> **Task details**
The line with "EDIFIER GX04 gaming" through the last line of the entries: give these again exactly, and only these, without any pictures.

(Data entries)
--*--

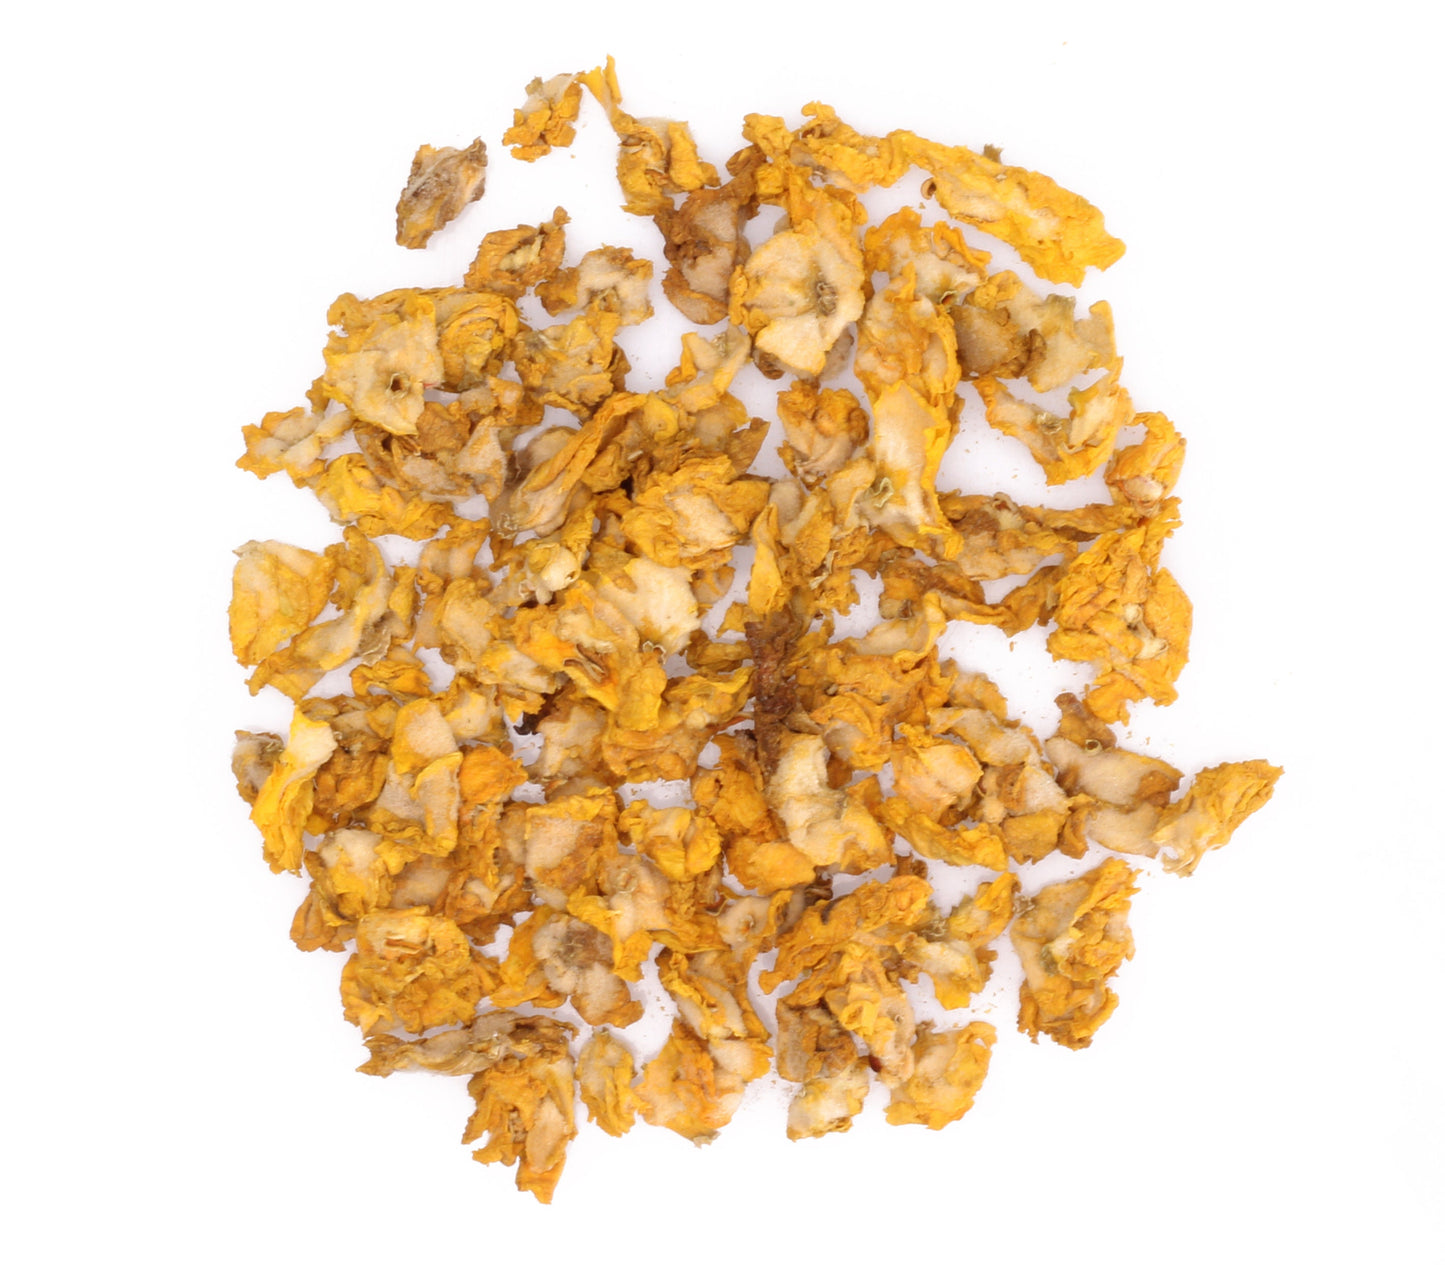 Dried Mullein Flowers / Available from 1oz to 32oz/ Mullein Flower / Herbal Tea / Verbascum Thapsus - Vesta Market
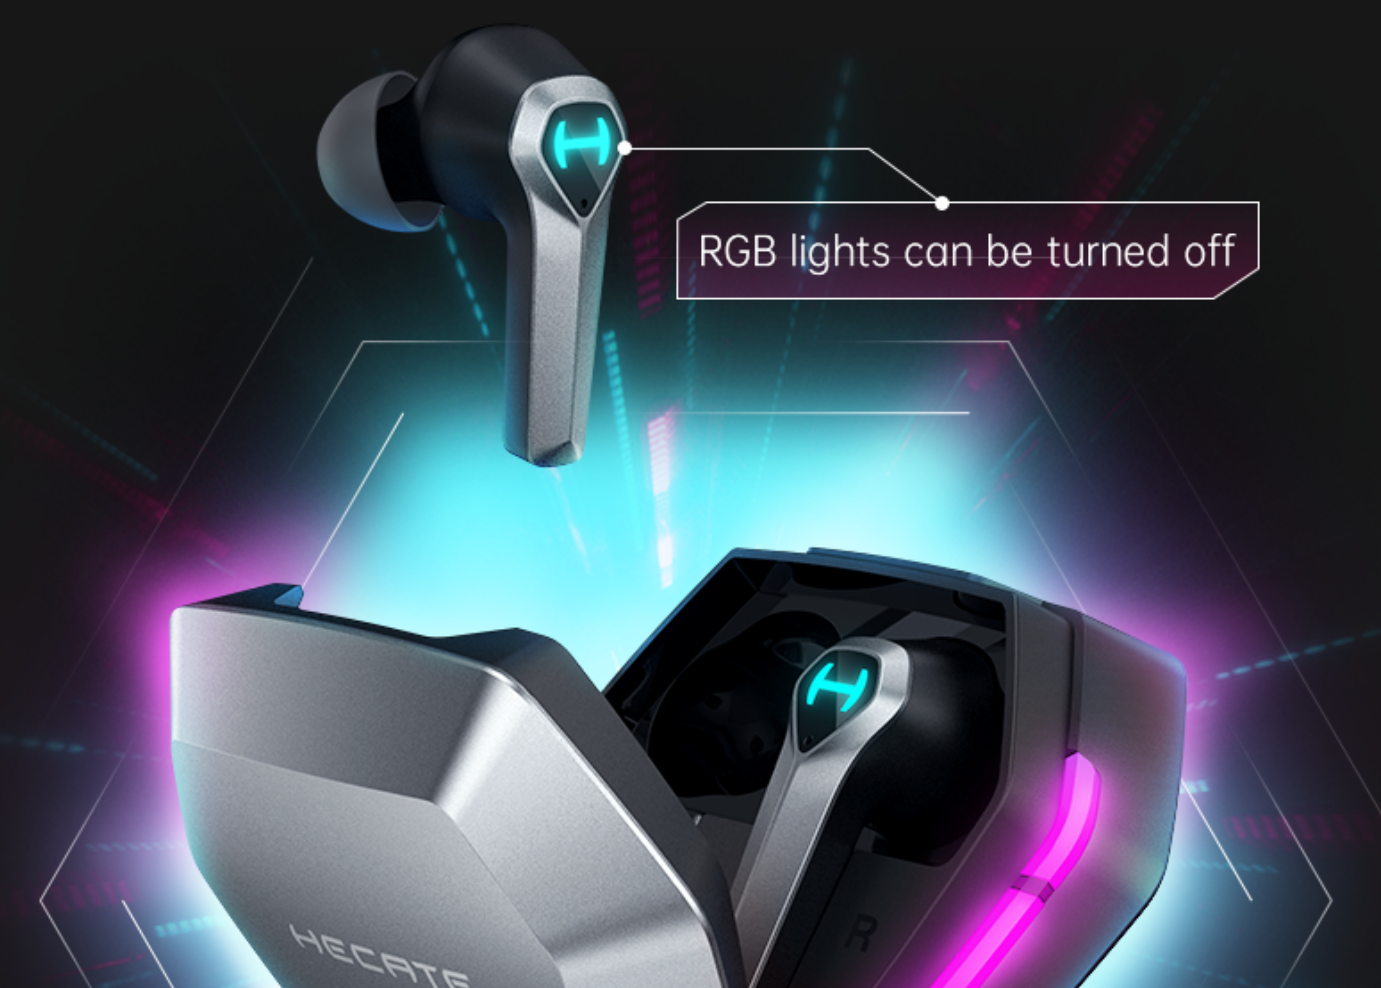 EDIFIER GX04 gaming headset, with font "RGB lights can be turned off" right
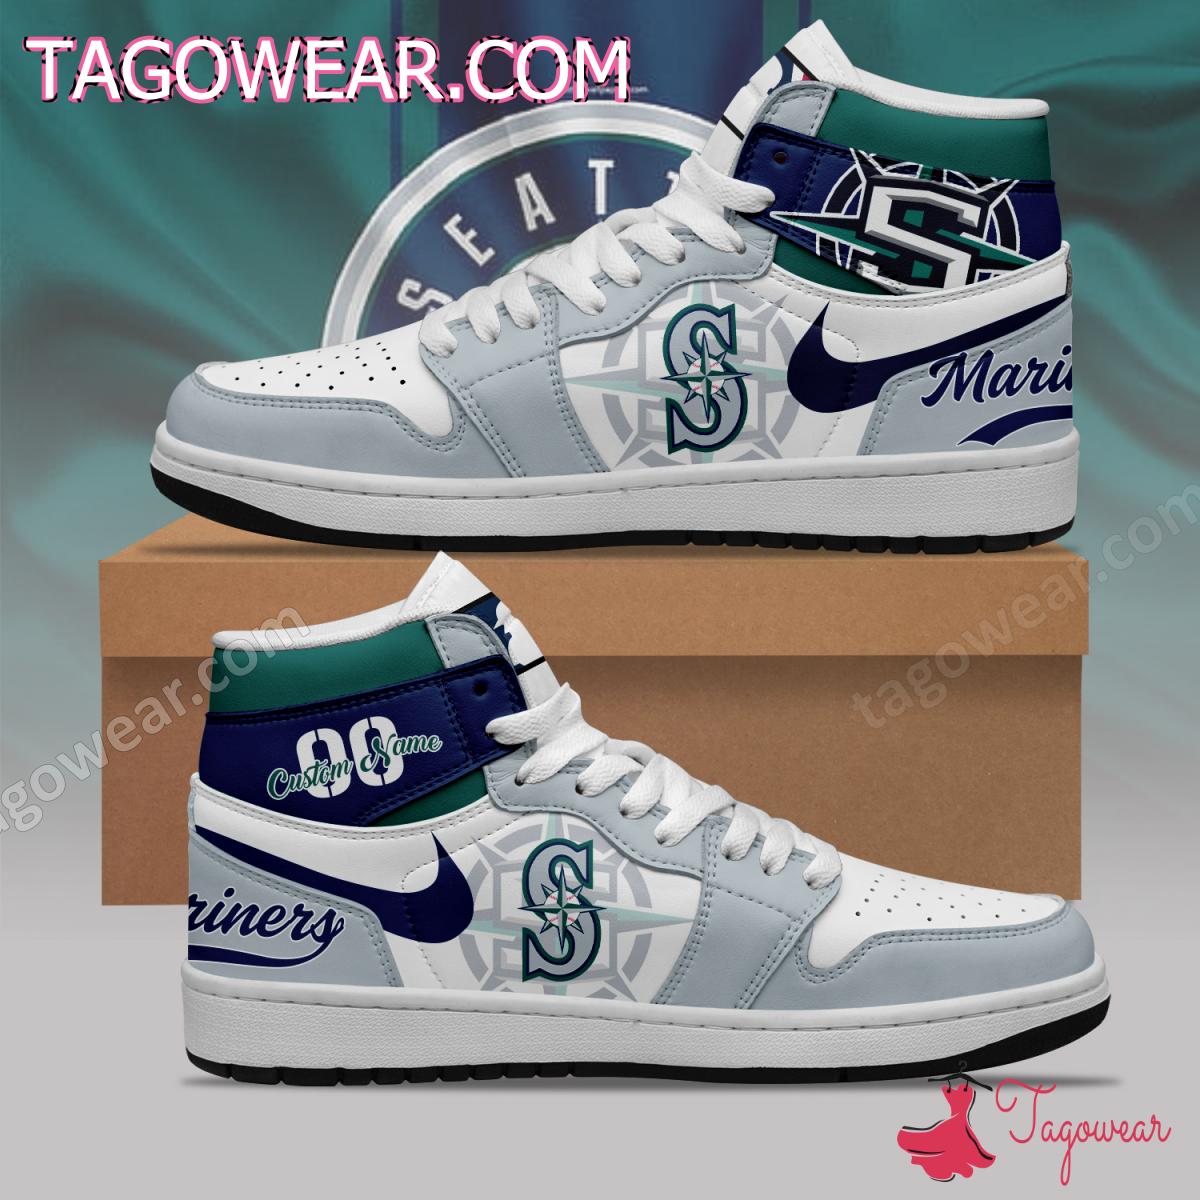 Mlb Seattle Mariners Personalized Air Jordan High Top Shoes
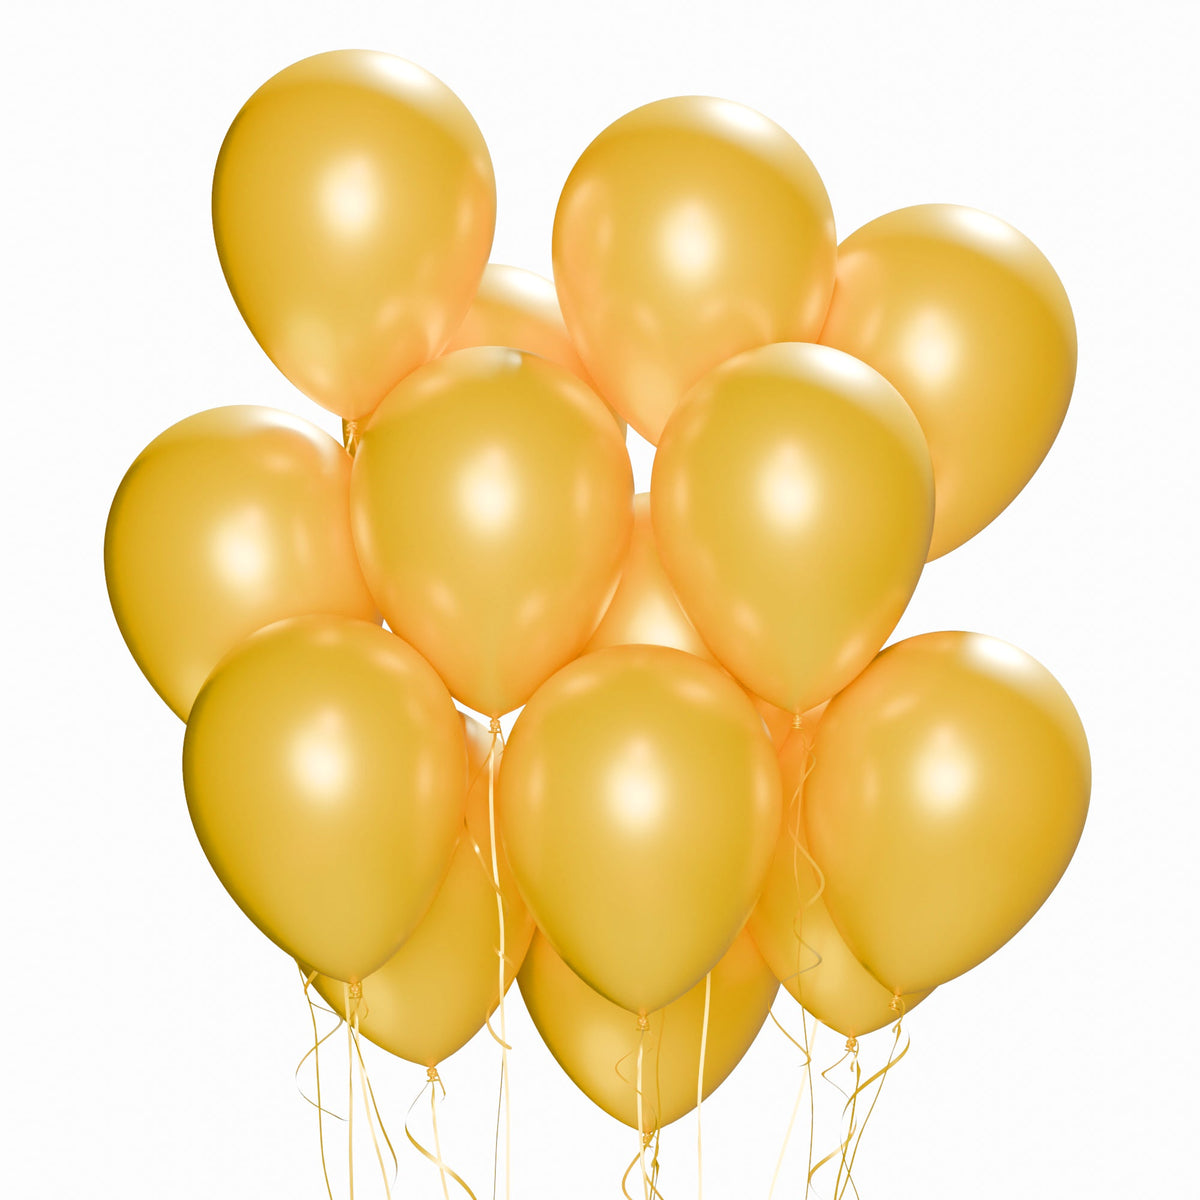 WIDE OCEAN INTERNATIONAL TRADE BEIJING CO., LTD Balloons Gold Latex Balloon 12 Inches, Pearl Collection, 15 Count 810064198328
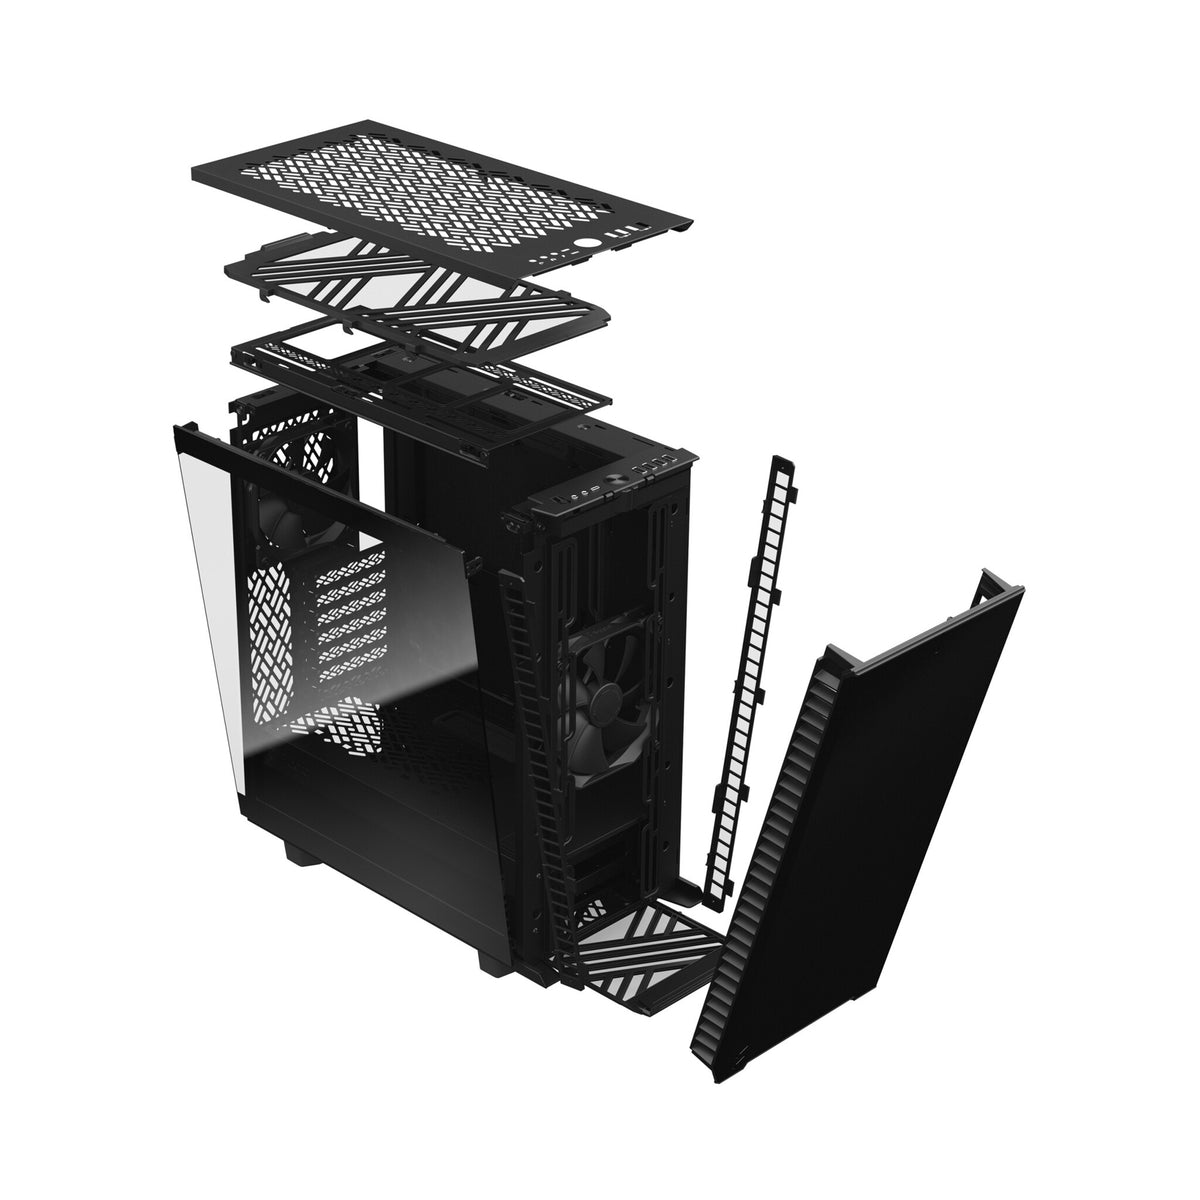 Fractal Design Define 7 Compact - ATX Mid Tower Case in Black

--*--

> **Output for this task**
 EDIFIER GX04 gaming headset, with font "RGB lights can be turned off" right
 Mlb Seattle Mariners Personalized Air Jordan High Top Shoes
 WIDE OCEAN INTERNATIONAL TRADE BEIJING CO., LTD Balloons Gold Latex Balloon 12 Inches, Pearl Collection, 15 Count 810064198328
 Fractal Design Define 7 Compact - ATX Mid Tower Case in Black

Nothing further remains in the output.